_TASK OBJECTIVE_.
Among the entries below, only the lines from the one with "Louisville, Kentucky, USA" through the one with "blue shampoo bottle on white" are to be retyped, exactly and without pictures.

_RECORDED INFORMATION_.
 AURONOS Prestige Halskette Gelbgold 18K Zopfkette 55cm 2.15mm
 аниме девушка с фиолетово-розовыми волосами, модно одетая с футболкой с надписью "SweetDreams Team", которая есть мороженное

==

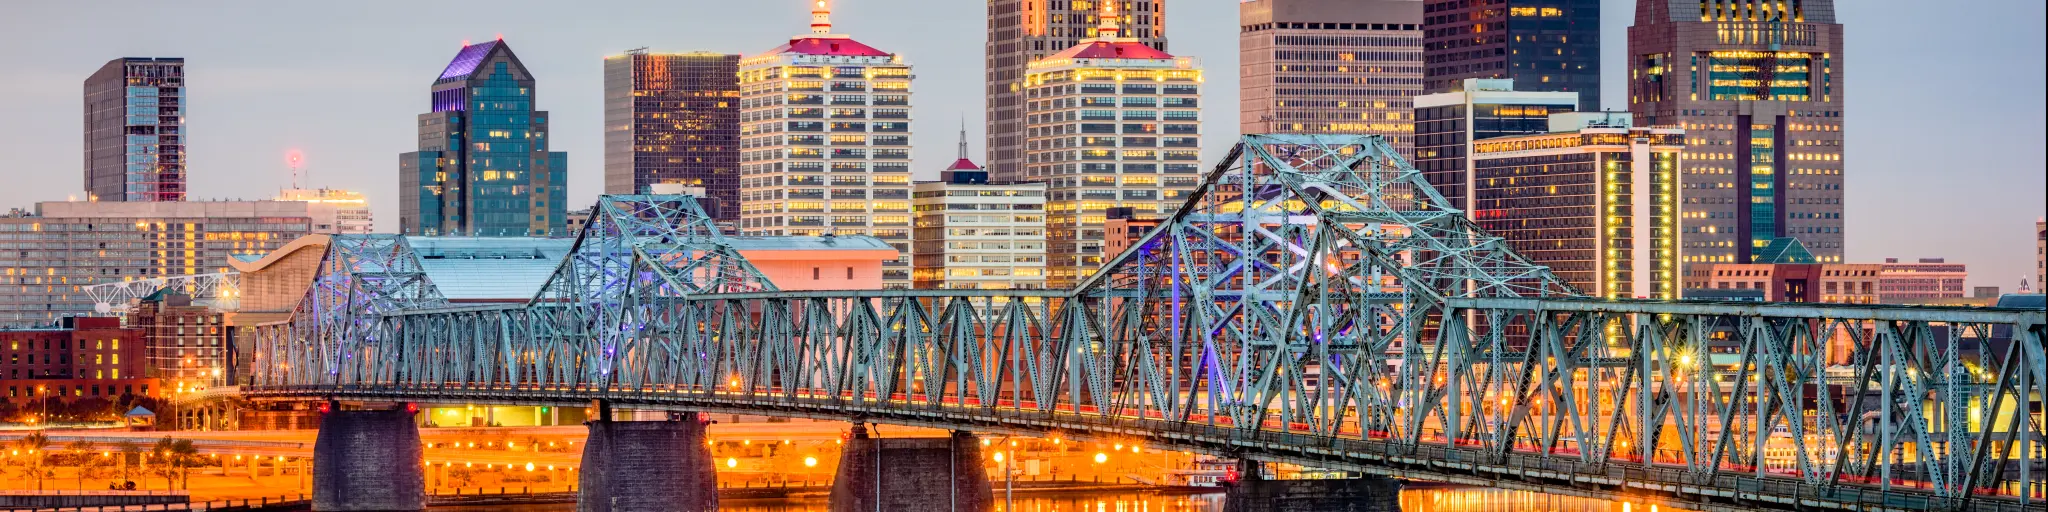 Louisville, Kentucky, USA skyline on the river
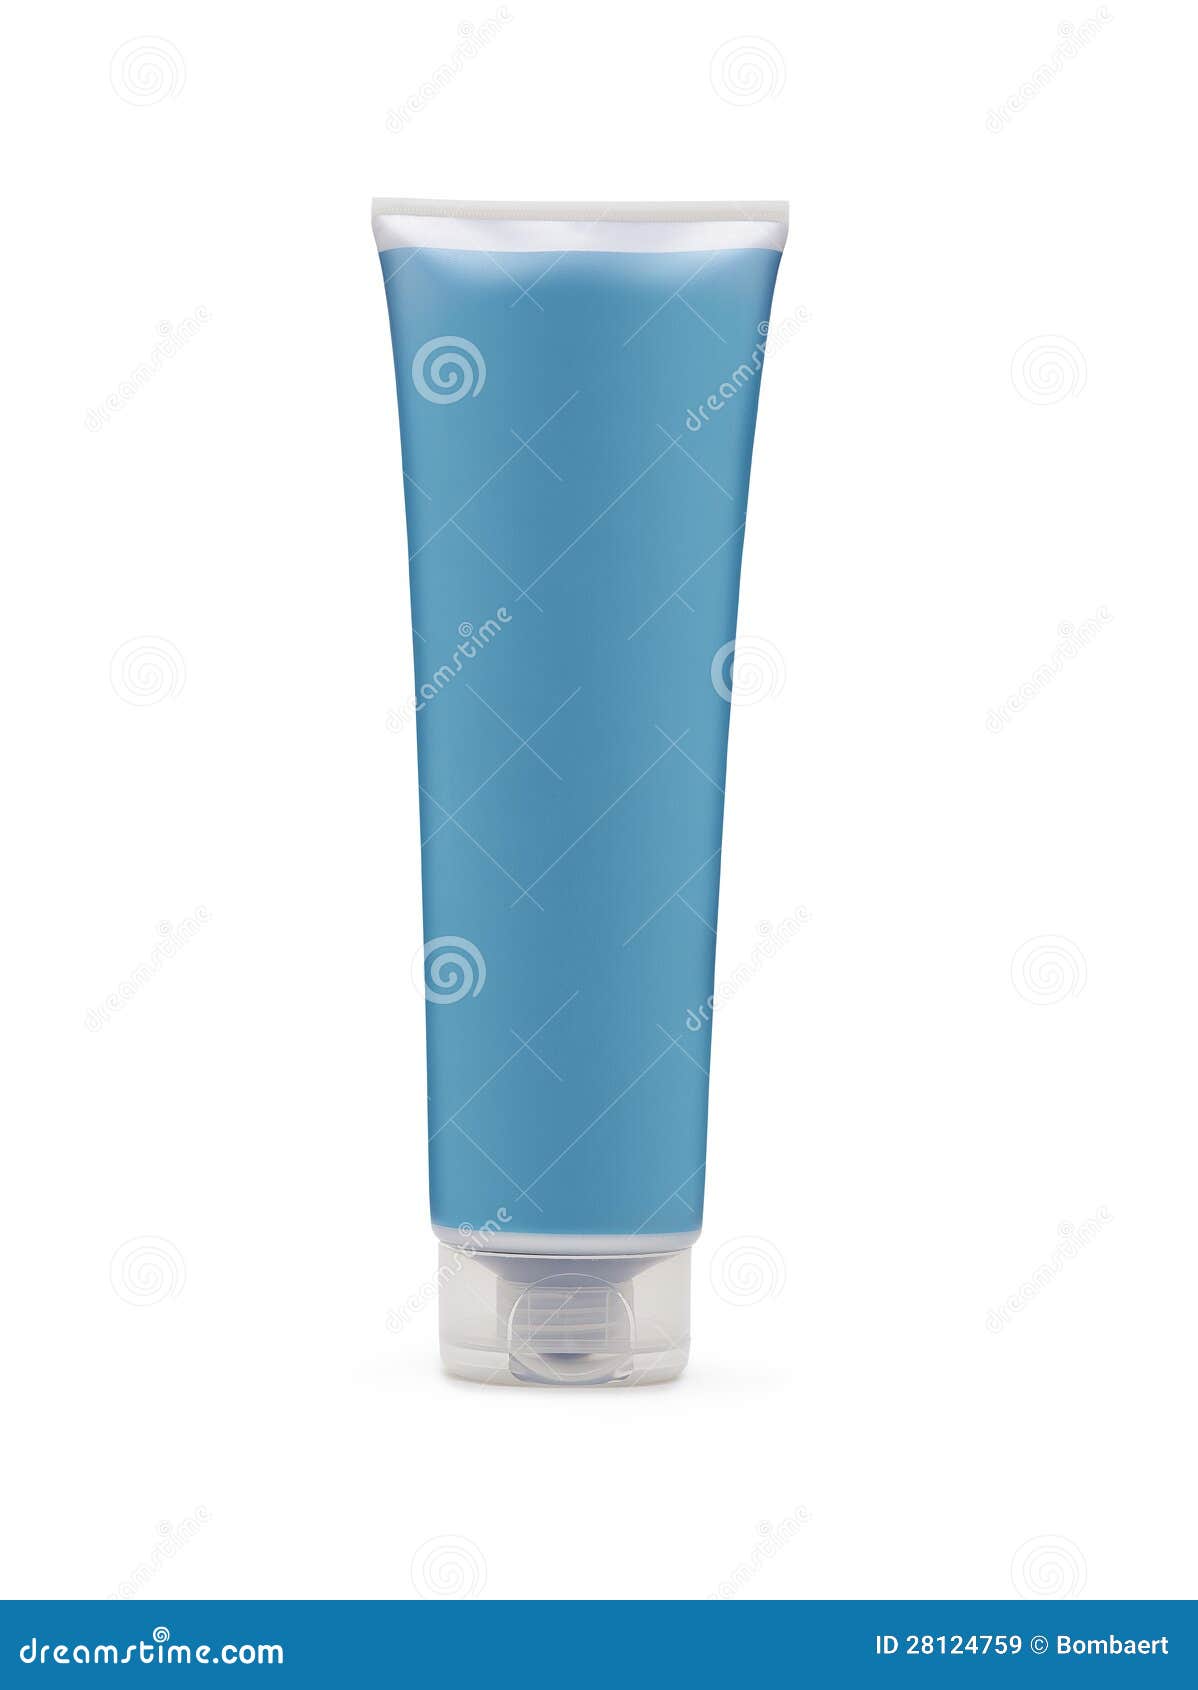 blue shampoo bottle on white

_WRITTEN SOLUTION_.
 Louisville, Kentucky, USA skyline on the river
 blue shampoo bottle on white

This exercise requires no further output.